Сац Наталия Ильинична
Шрифт:
– Ну и пальцы у нее – красотища! Стыдливо поджимая пальцы от неожиданного здесь комплимента, бормочу:
– Я с детства на рояле играла… Другая, в комбинации, с распущенными волосами, перебивает меня:
– Какой там рояль! С твоими пальцами… только по карманам ходить…
Первая – карманница, но пальцы у нее короткие, показывает, как важно в нагрудном кармане сразу до дна достать, деньги, часы там… подцепить…– Когда с двух раз – засыпешься враз… – разъясняет она.
К счастью, Дунина одной из моих новых «поклонниц» дает подзатыльник, другую – тянет за волосы и бурчит под нос,– Не из той она жизни… Королева!

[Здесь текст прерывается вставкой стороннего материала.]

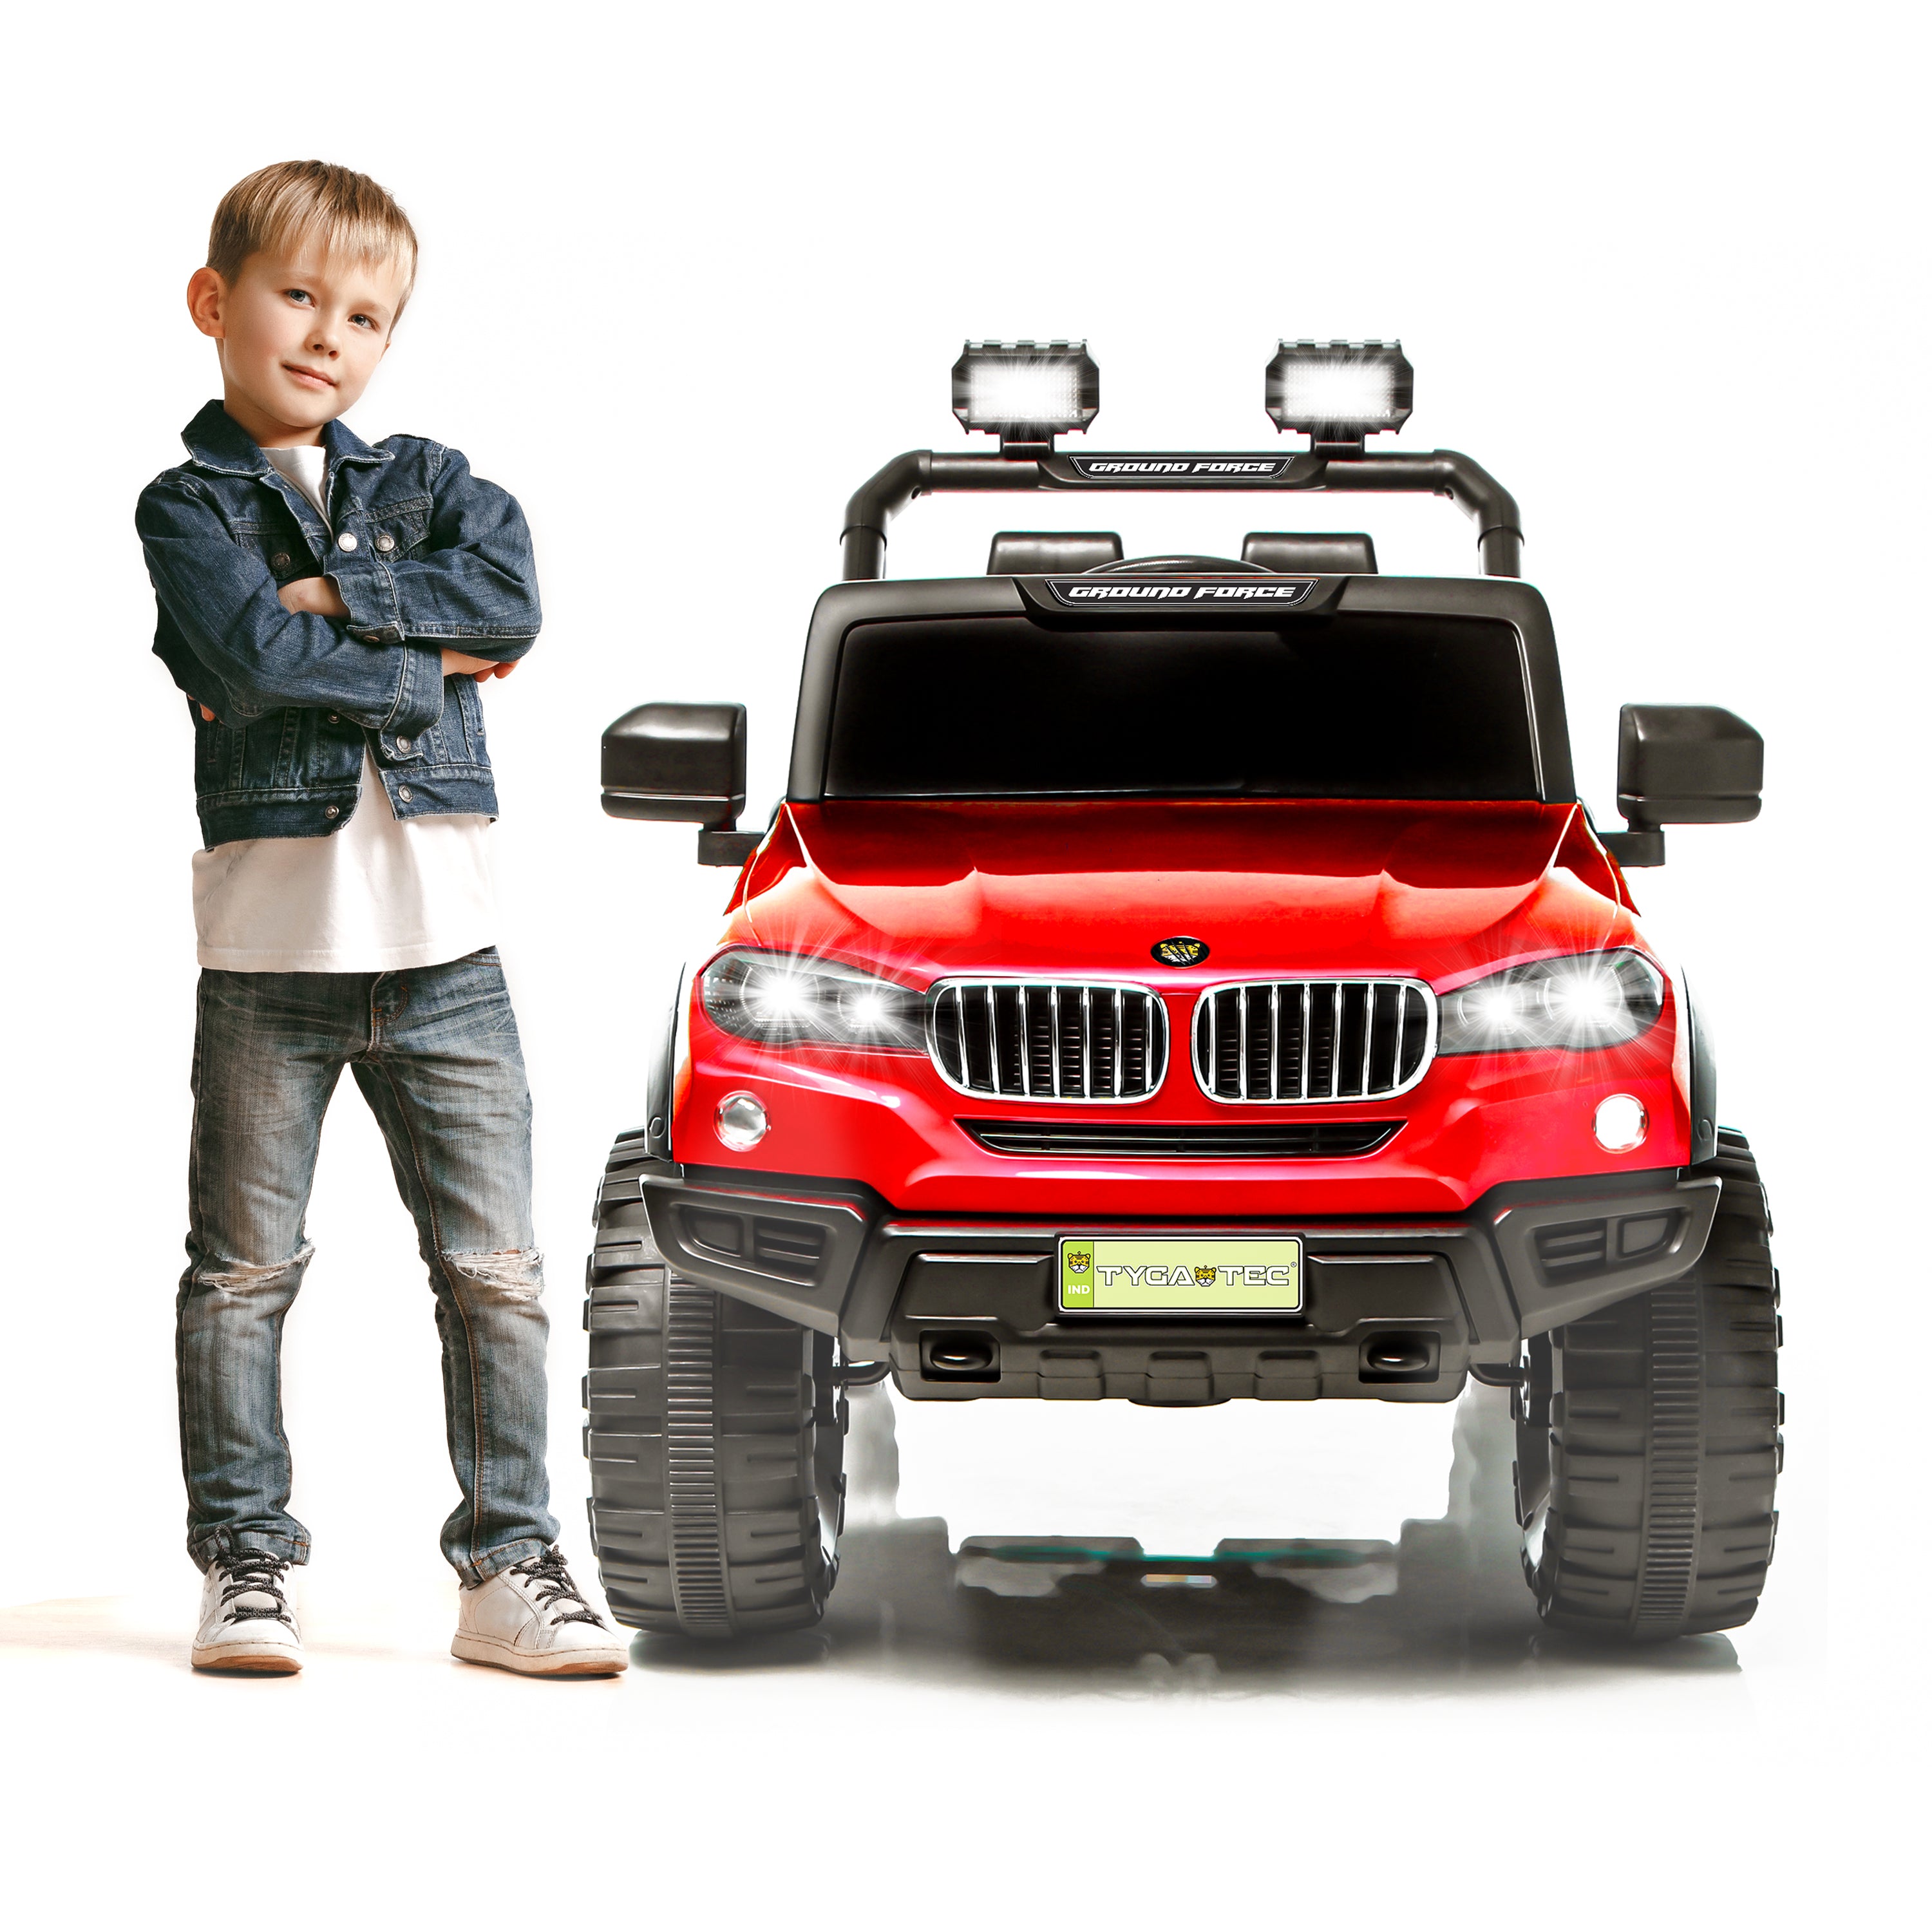 Tygatec Ride-on Kids Car Ground Force SPARKY (RED COLOUR)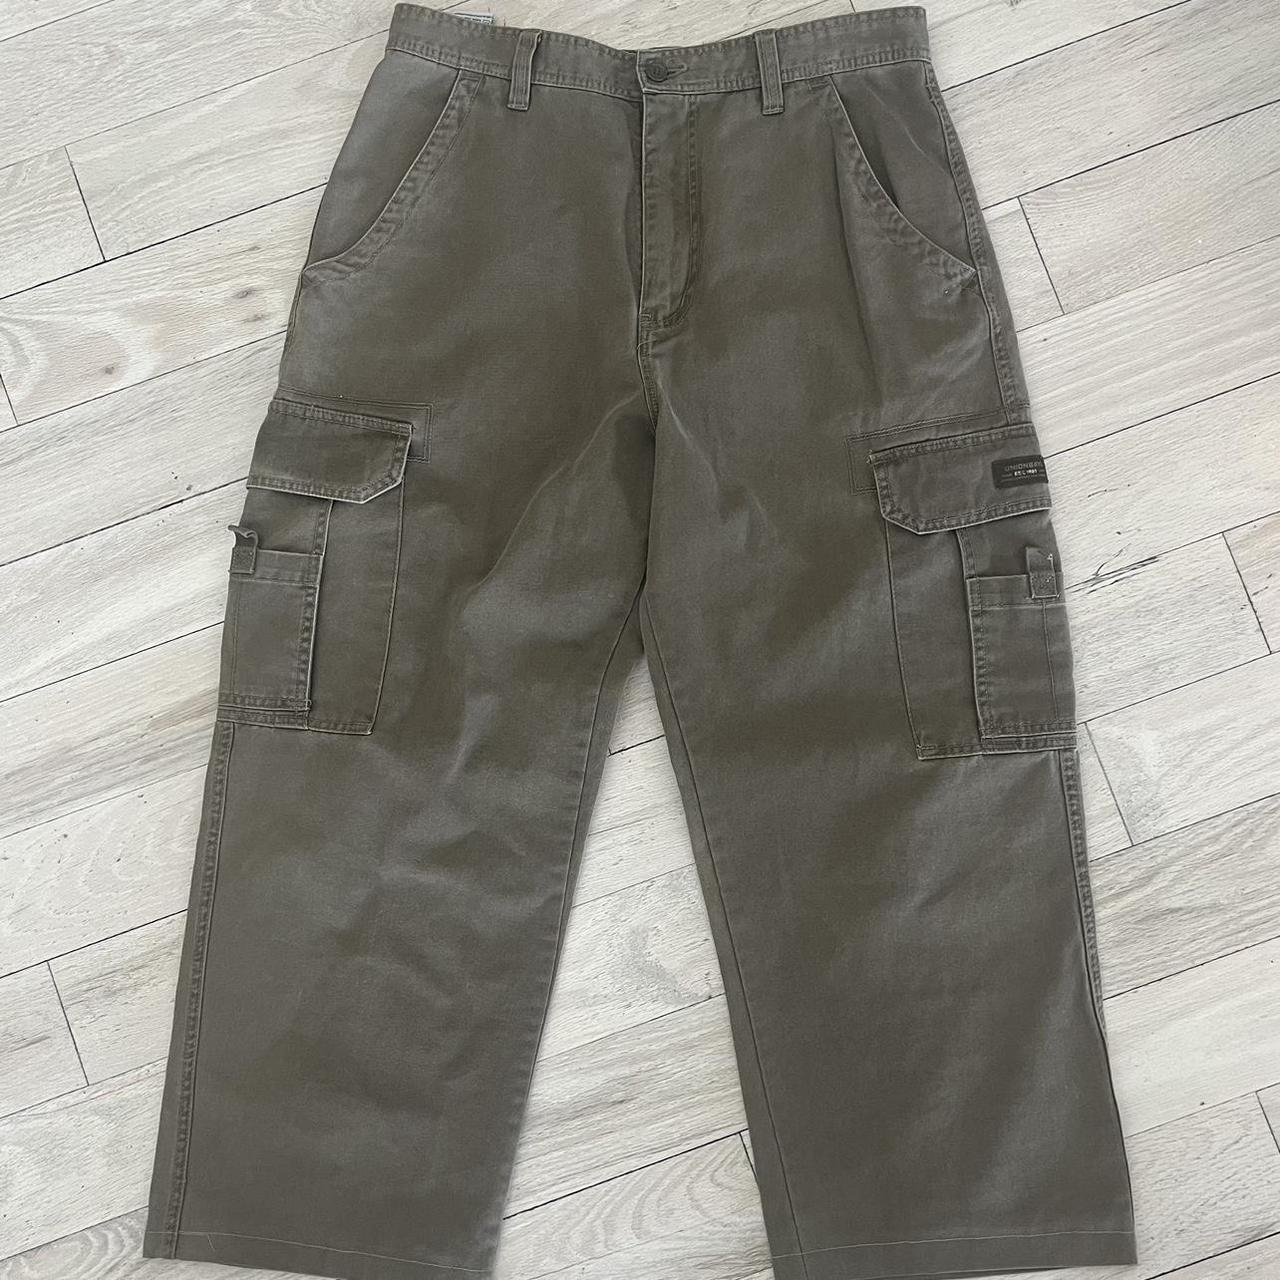 Union Bay cargos in excellent condition. These are... - Depop

А я, согретая чаем, сразу заснула. Я видела во сне саму себя и улыбалась. В мозгу моем, издерганном самыми разными впечатлениями, вдруг возникла… Прага, где еще недавно выступала с докладом о детском театре и где на следующий день после этого доклада в одном из журналов, появилась статья «Руки Наталии Сац». На шести чудесных фотоиллюстрациях были зафиксированы различные жесты моих рук. Только руки… Я очень гордилась пражской статьей, но никогда не думала, что заглавие «Руки Наталии Сац» будет произнесено вторично, но с совсем другим подтекстом. Смеялась еще и потому (о, тщеславие, даже в той ситуации), что Маша Дунина назвала меня «королевой». Кстати, это прозвище за мной в те суровые времена так и осталось, уж не знаю почему… Встречаю Новый год Однако жуть знакомства с воровским миром далеко уступала тому, что я пережила в бараке, где содержали контрреволюционерок, яростных, убежденных (меня перебросили в этот барак на следующее утро из распреда). Что это были именно они, стало ясно с первого взгляда, с первых реплик; они точно знали, за что сидели. В неугасающей ненависти своей находили даже какую-то радость, не стеснялись громких, жестяно-циничных слов о всех событиях жизни. Я была встречена улюлюканьем, фразами, превосходившими все прежде слышанное.– И вы туда же, милости просим в нашу выгребную яму…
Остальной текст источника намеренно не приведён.